Expandability: Steve Wozniak's Biggest Success and Nolan Bushnell's Biggest Regret

When two titans of the early computing industry, Apple co-founder Steve Wozniak and Atari founder Nolan Bushnell, had a chance to sit down for a chat at the C2SV conference last Friday, we learned how a little foresight and luck can decide futures.

Steve Wozniak's Success - Expandability

Steve talked about how the Apple II was the primary source of revenue for Apple's first 10 years of life. The reason the Apple II could last so long was that it was expandable. It had eight expansion slots and the RAM was also expandable (starting at 4K). No computer at the time had this kind of flexibility or expansion capabilities. Steve Wozniak and Steve Jobs argued over keeping the Apple II open. Jobs wanted closed, Wozniak wanted open and fortunately Wozniak won.  In fact, the Apple II was completely open (those were the days). They published the complete specs before there was anything like a developer community.

So even though the Apple III, Lisa, and the Macintosh all failed, the Apple II kept rolling along. The iPod eventually became the next successful product for Apple and the Age of Apple had begun.

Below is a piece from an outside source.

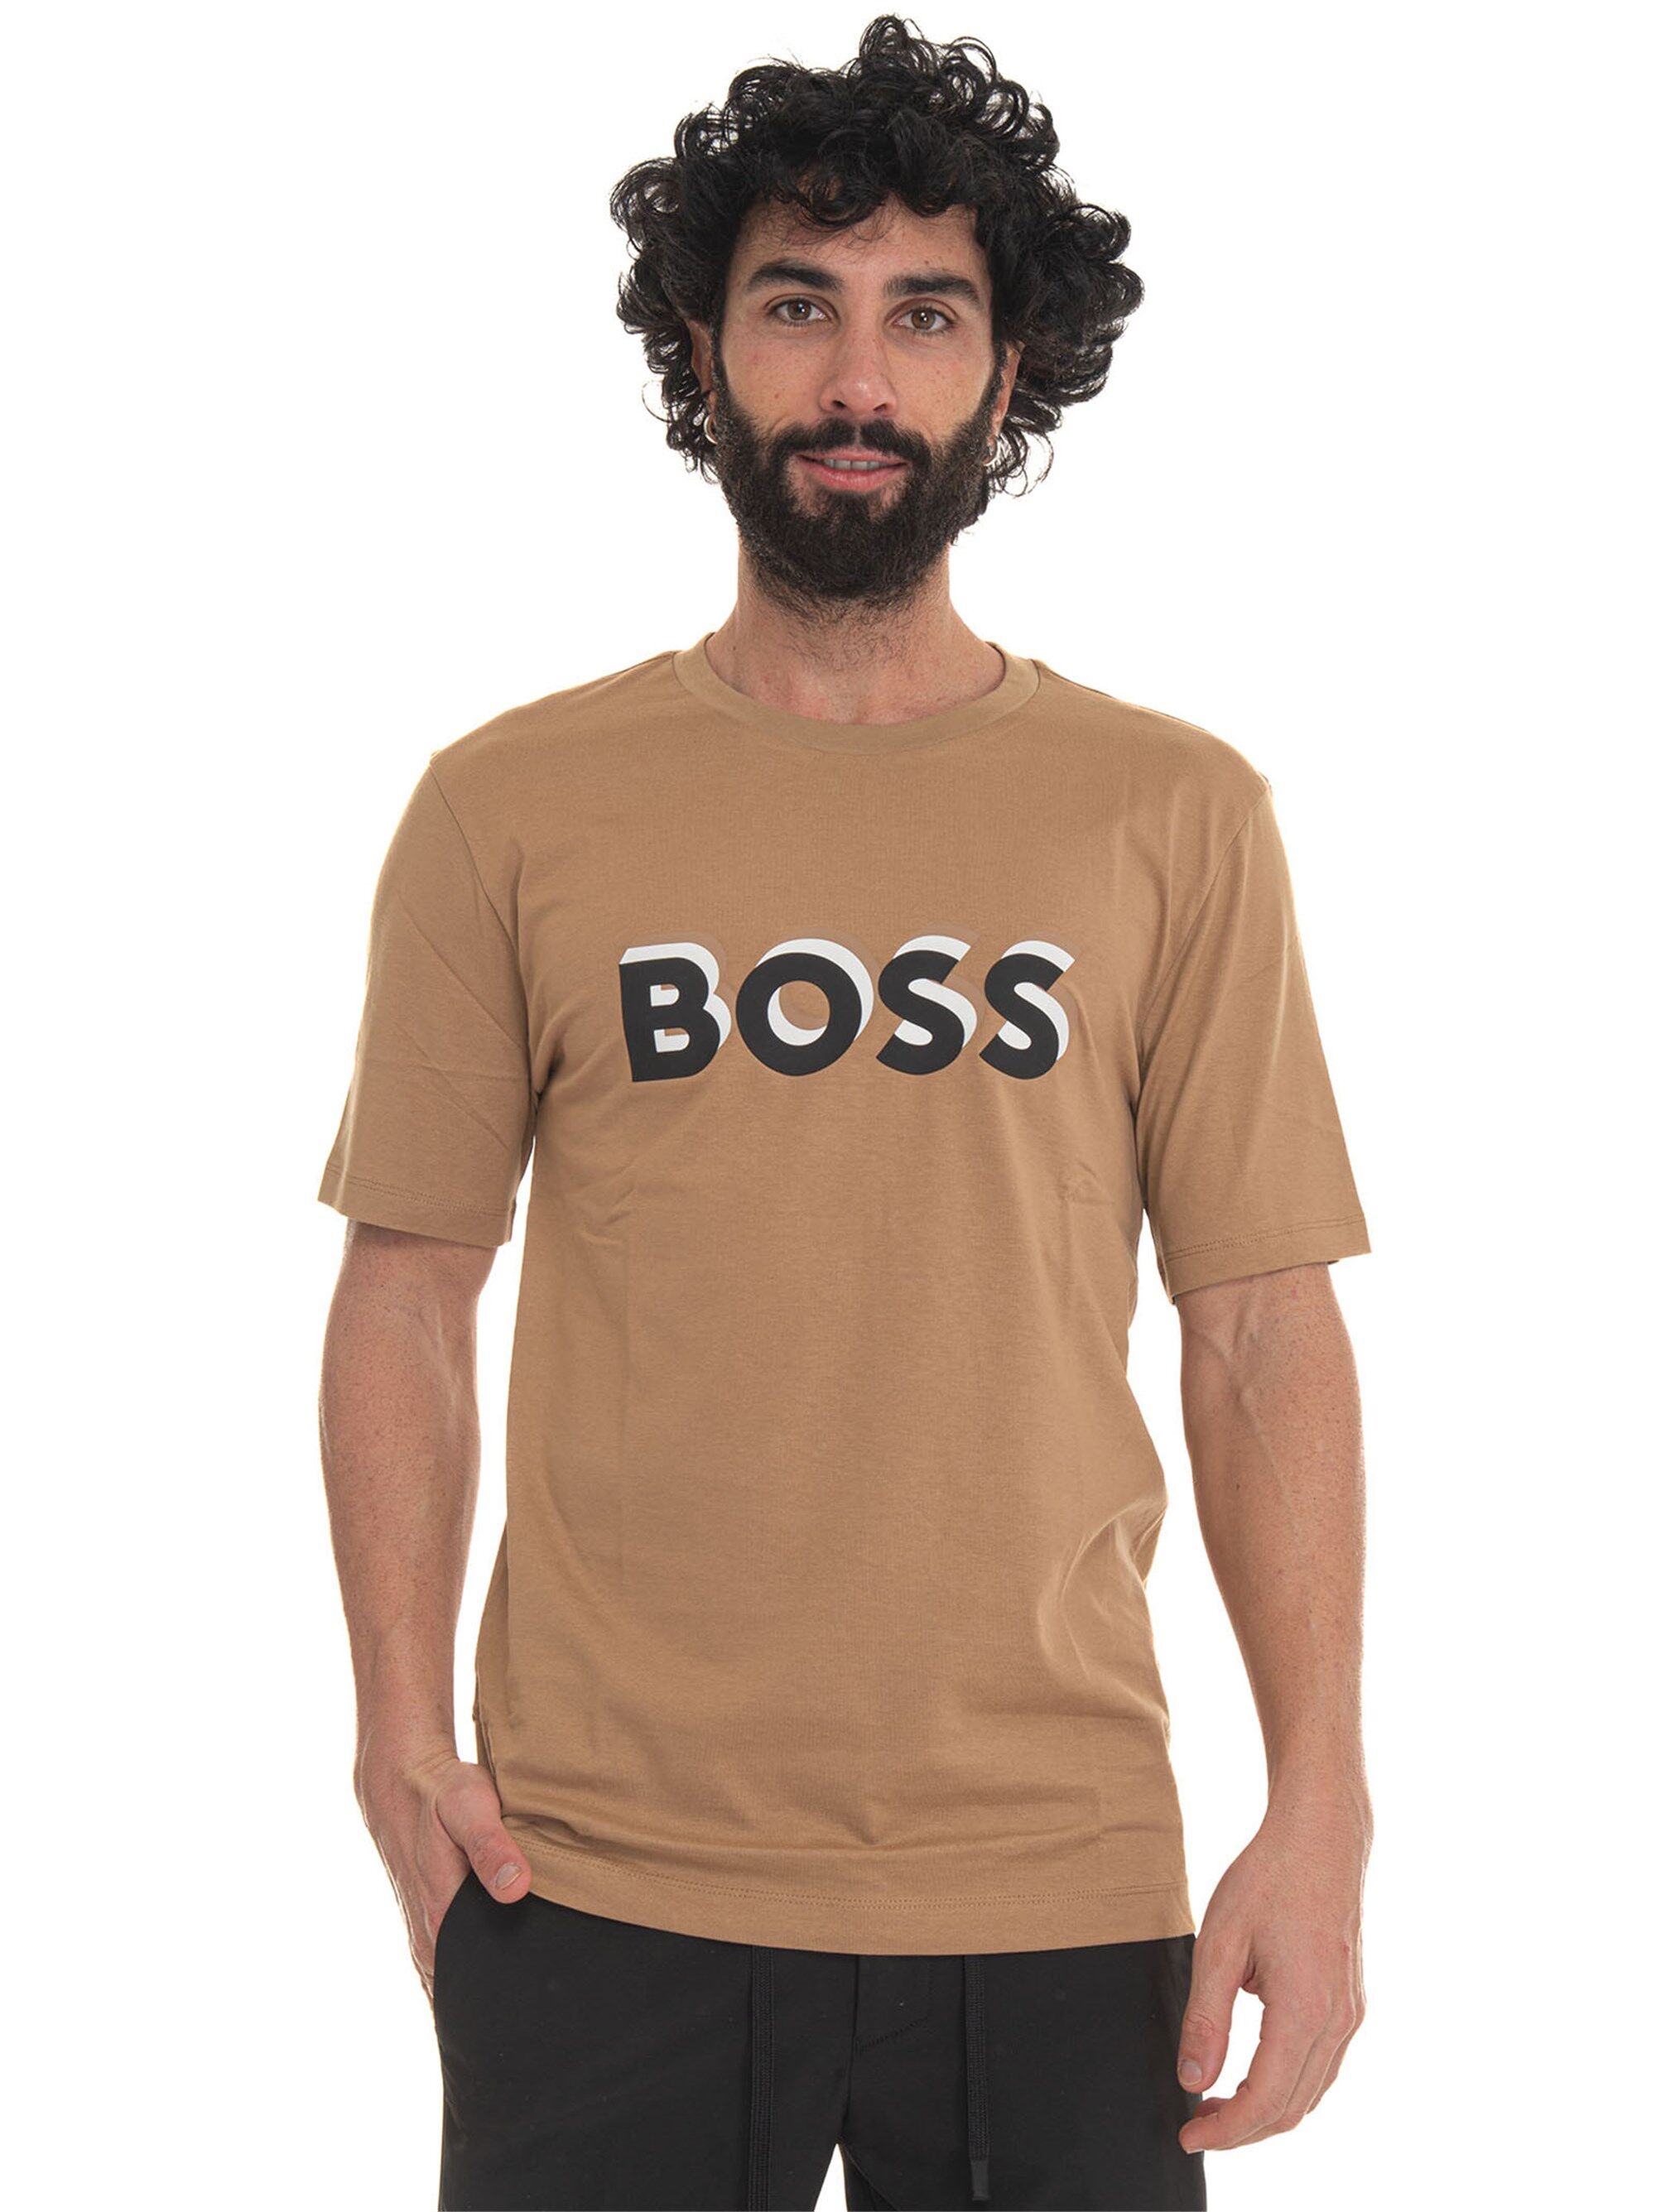 Boss T-shirt girocollo mezza manica Beige Uomo XXL

Interestingly, Steve said expandability was not planned at all. It was really a costly and almost unsupportable decision, but it turned out to be “prescient." They didn't plan on expandability as a business model, but it was a life saver. What drove the decision was thinking like a geek, not like an accountant. If you are a geek, that's just the kind of thing you build.

Nolan Bushnell's Regret - Read-only

Nolan told the story of how one his greatest regrets was not making the control lines for his early video game cartridge read-write instead of read-only. By making it read-only they saved a whopping two pennies a line. The point was to be cheap. With the addition of a write line the cartridge could have been written to, sort of like a hard disk, and game scores and other state could have been saved directly to the cartridge. Nolan had a gleam in his eye, obviously pondering on how this would have been a major game changer for Atari.

Lesson: Think Geek

The lesson: when your grownup self compels you to be lean and create something minimally viable -- think geek. It may not make your accountants happy, but your "just because it seems like a great thing" idea might be exactly what you need to become more successful than you can possibly imagine.

The Rest of the Story...

The interview talked about a lot more of course. They reminisced about their early years at Atari, about what might have been, what should be, and of course the ghost haunting all such conversations, Steve Jobs. For more on their talk take a look at:

One saying from Nolan that I particularly liked was "Hire for passion. Everything else is trainable. Happiness is way underrated as a business culture." We could definitely use more of that.